I do not accept the Plaintiff’s claim that he and Mr. Wara were in front of the first vehicle when the collision occurred. This is because, if indeed they were in front of their own vehicle, that vehicle could have protected them from being injured. There is no evidence of how it was possible for the Corolla to by pass their vehicle and cause injuries to them. There is no evidence of their vehicle being smashed into pieces or something like that, before the Corolla could reach them. Further, there is no evidence of the first vehicle being damaged and how that could in turn have led to he and his cousin’s injuries and the eventual death of his cousin.


I find either of two possibilities was the case. Firstly, the Plaintiff and his cousin were pushing their vehicle from the back of their vehicle, which exposed them to the risk of being hit, by an other vehicle and that is what happened. Or secondly, they were in the process of abandoning their vehicle when it was unsafe to do so and were hit by the Corolla. The onus was on the Plaintiff to show exactly how the accident led to his injuries but he failed to do so. I call on the assistance of the doctrine of res ipsa loquitur or let the thing (accident) speak for itself to help determined how the plaintiff could have sustained his injuries. In so doing, I note the Defendant has pleaded that doctrine and the doctrine has been applied in a number of cases already, when there was no clear and direct evidence of what could have really happened in the context of motor vehicle accidents. See for example Porter v. Morrison-Knudsen International Co. Inc. & Anor [1973] PNGLR 240 and Bepiwan Ambon v. MVIT N1116.

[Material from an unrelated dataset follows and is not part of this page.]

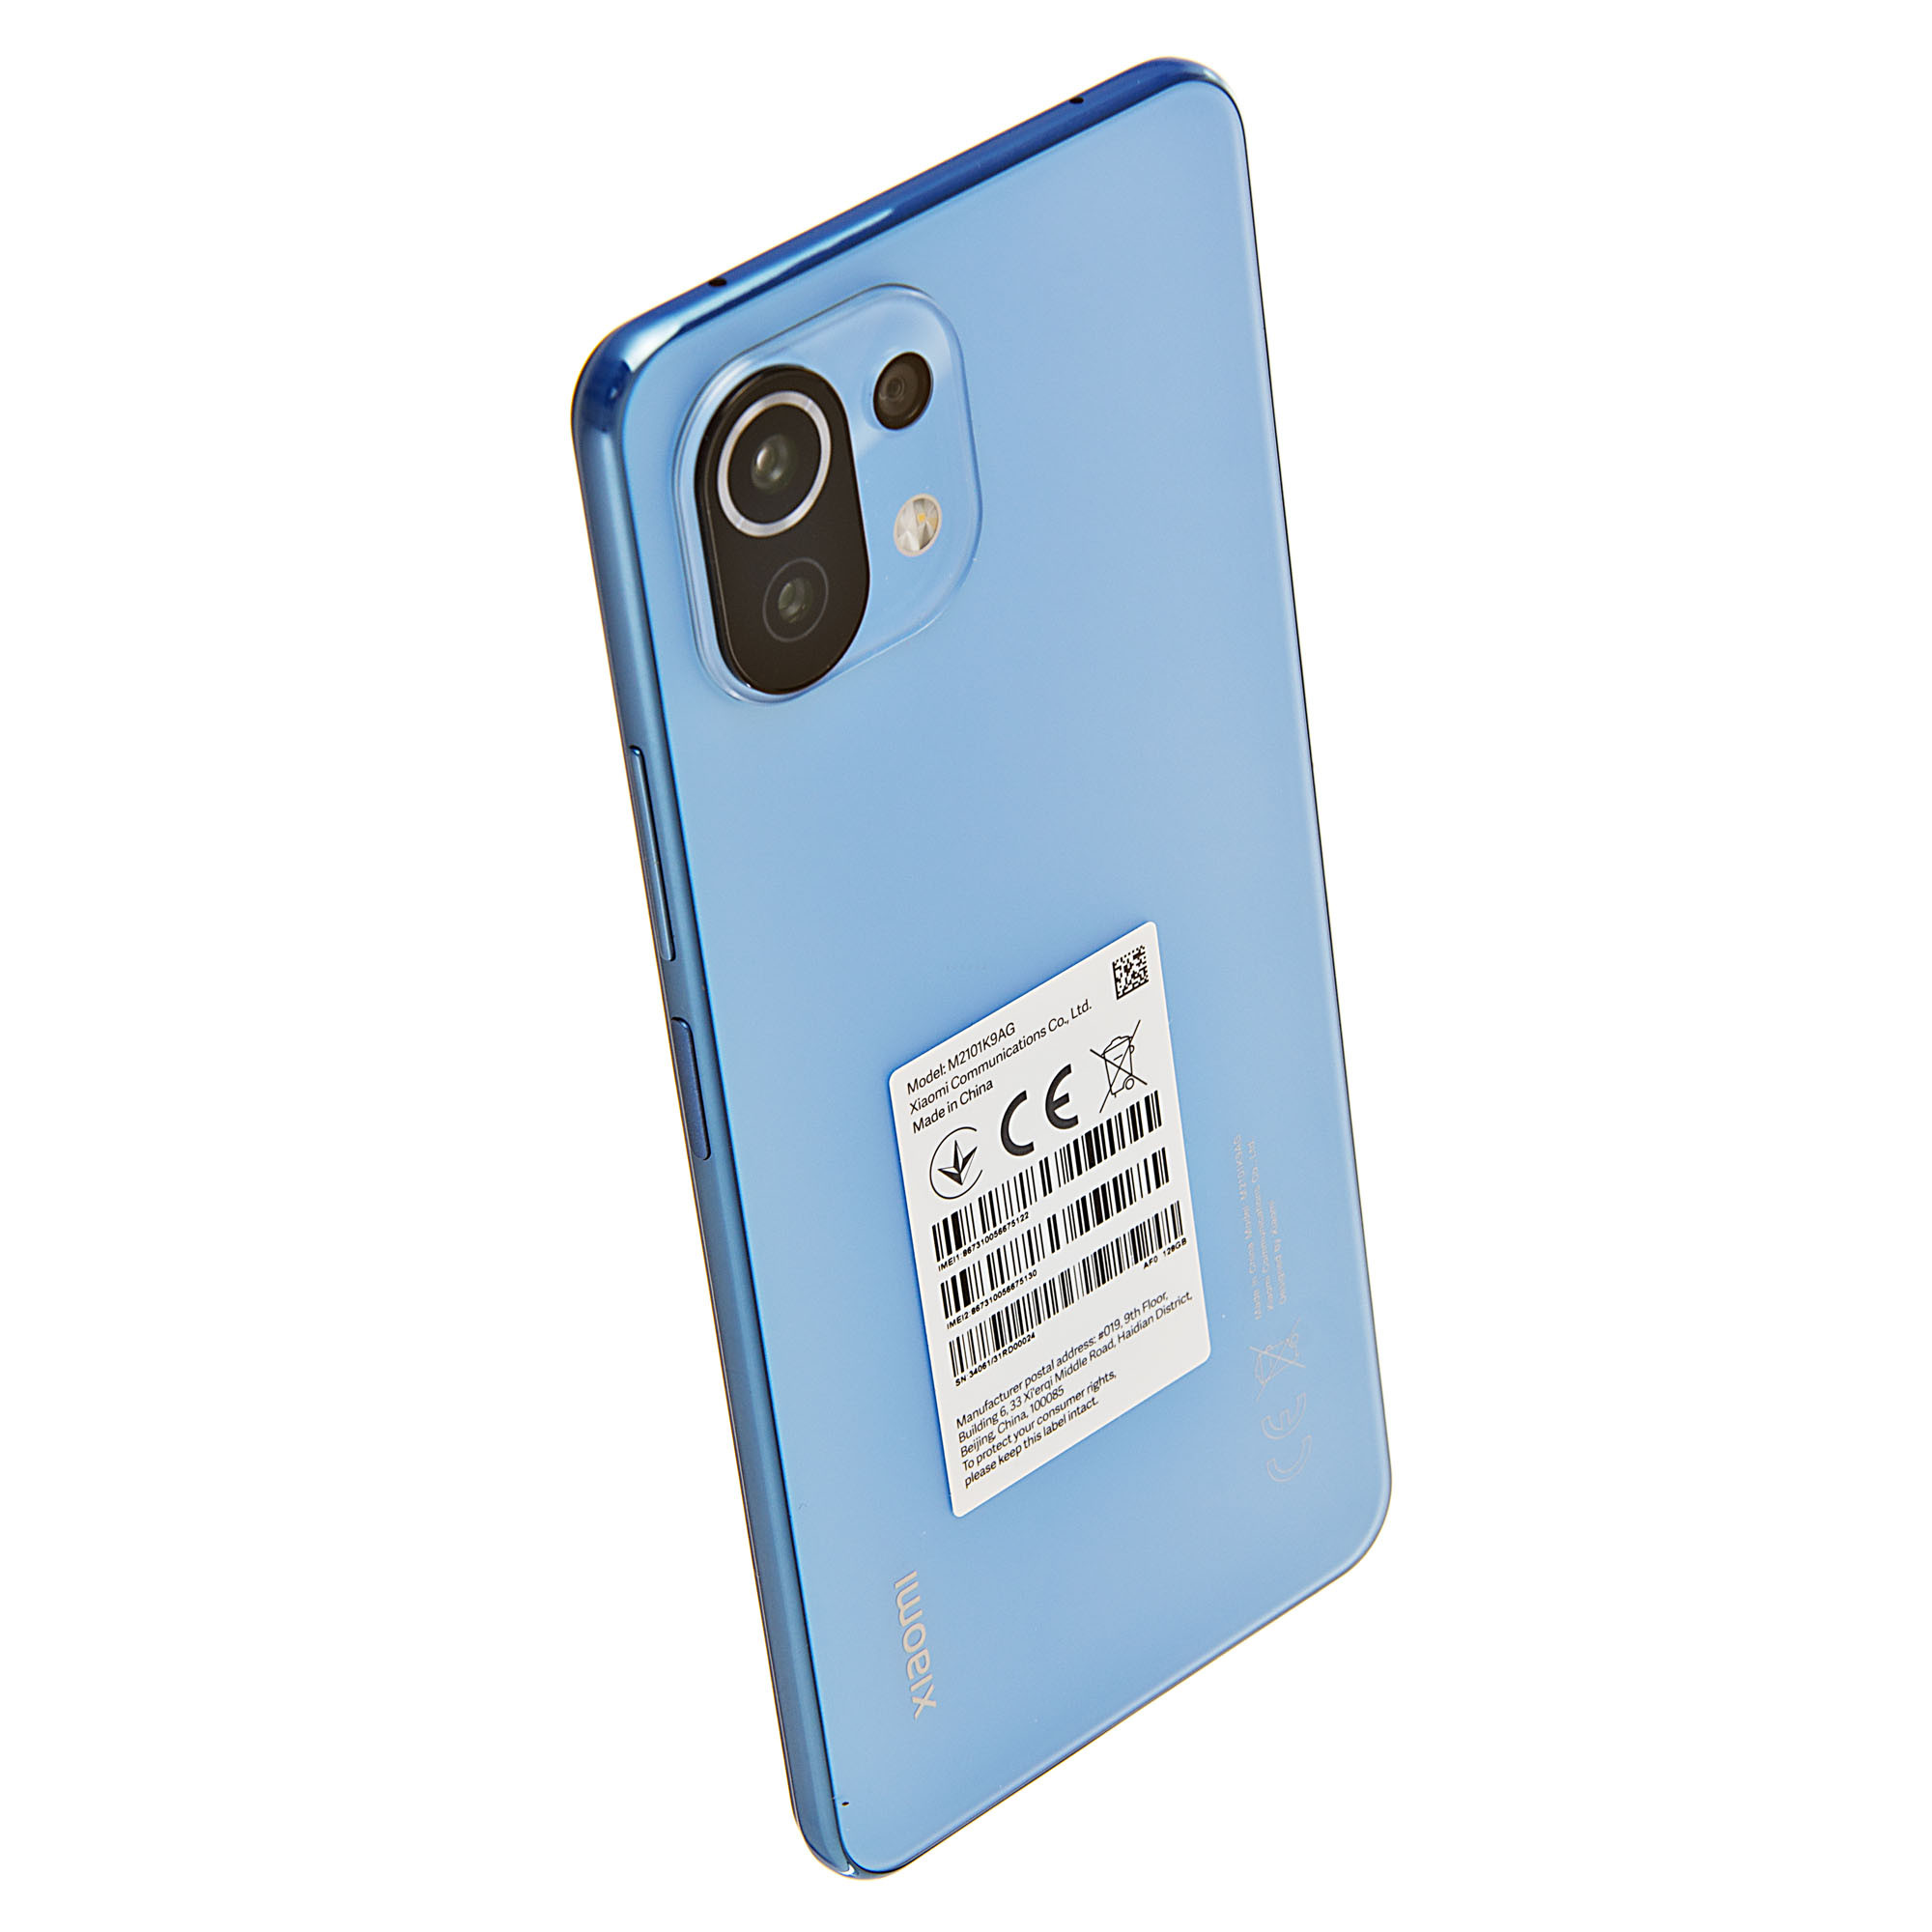 Xiaomi Mi 11 Lite 5G NE - Teléfono celular desbloqueado, 5G + 4G Volte  Smartphone, 8GB+128GB, 6.55 pulgadas FHD+AMOLED DotDisplay, 64MP+8MP+5MP  cámara triple, 4250mAh 33W carga rápida, GSM solamente, azul : Precio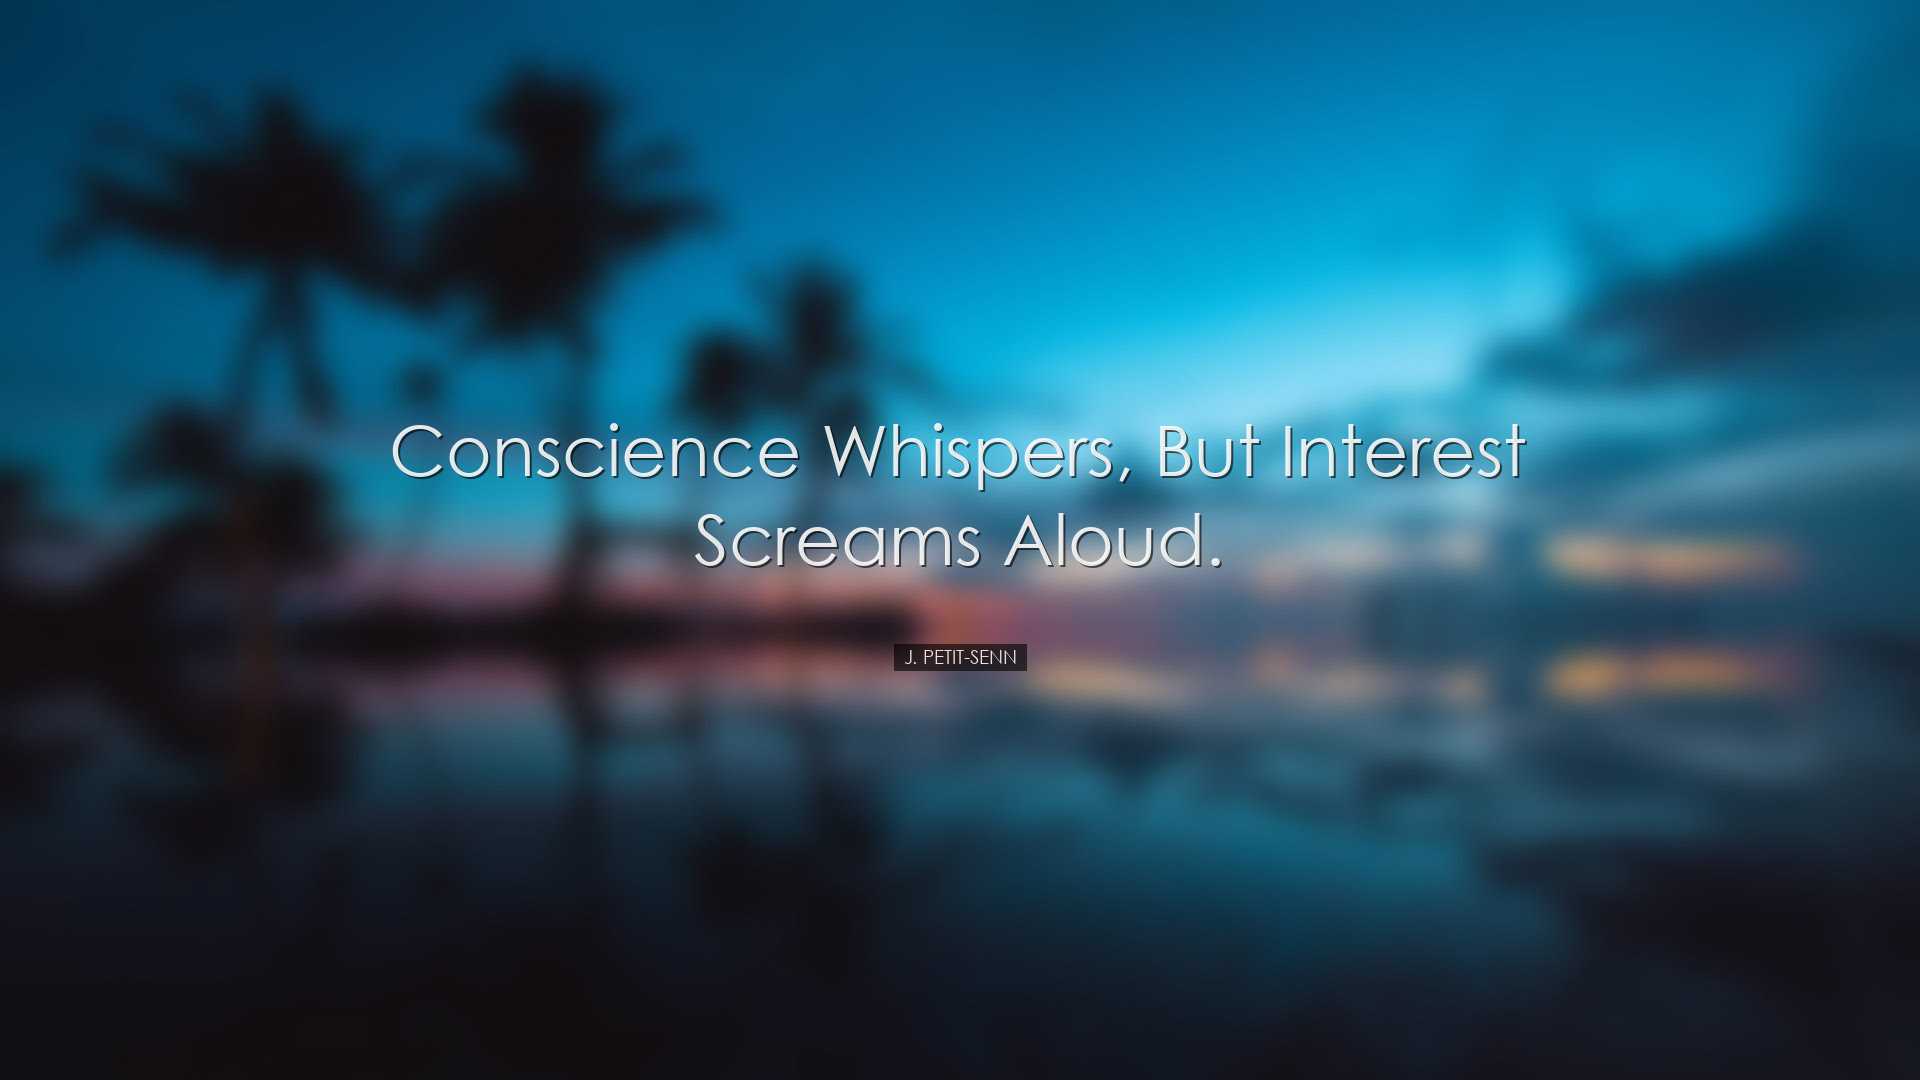 Conscience whispers, but interest screams aloud. - J. Petit-Senn

Going by the above doctrine, I find that the Plaintiff either placed himself in the way of an on coming motor vehicle or positioned himself at a point that was unsafe for him to do so. I therefore, find that he failed to exercise reasonable care and attention for his own safety. He was thus partly responsible for his own injuries. I find that, if the plaintiff exercised reasonable care and attention for his own safety, he would not have sustained his injuries. He could have, for example, run away very quickly in a save direction from the way of the on coming traffic, or give a fore warning of some sort to other users of the road of the presence of their vehicle. They could have even waved the Corolla away from their vehicle. Further, they could have taken steps to clear other traffic first before trying to push their vehicle to the side. There is no evidence of any or all of these steps being taken. I find the plaintiff’s conduct was equally blameworthy as that of Martin Vele in the particular circumstances of this case. It is therefore, only fair and reasonable, to also find that the plaintiff contributed to his injuries by his own negligence up to about 50% because if he took all or any of these or other steps, he could have avoid the injuries.


Damages


The plaintiff is an adult male aged about 33 years (32 years at the time of filing of the Writ). I was employed by Securimax for 2 years prior to the accident and did not continue with that employment after the accident. There is no pleading and evidence to support his claim in his submissions that he is married and was supporting his family from the income he received from his employment with Securimax. I therefore reject that part of his submissions.


(a) General Damages

As noted earlier, the Plaintiff sustained a fracture leg injury and other laceration injuries to some other parts of his body. He was hospitalised and treated and discharged twice. After the second discharge from hospital, Dr. Kevau reviewed the Plaintiff’s condition on 21st April 1998. At that time, the plaintiff complained of occasional episodes of severe headaches (migraine) associated with dizziness with a sensation of discomfort. He did not however, experience any seizures or fits. Dr. Kevau found no associated power or sensory loss but found that the complaints were the genuine sequalae of severe head injury, which is known as post traumatic syndromes. He then estimated the plaintiff’s disability to be at 10 percent for that part of his body.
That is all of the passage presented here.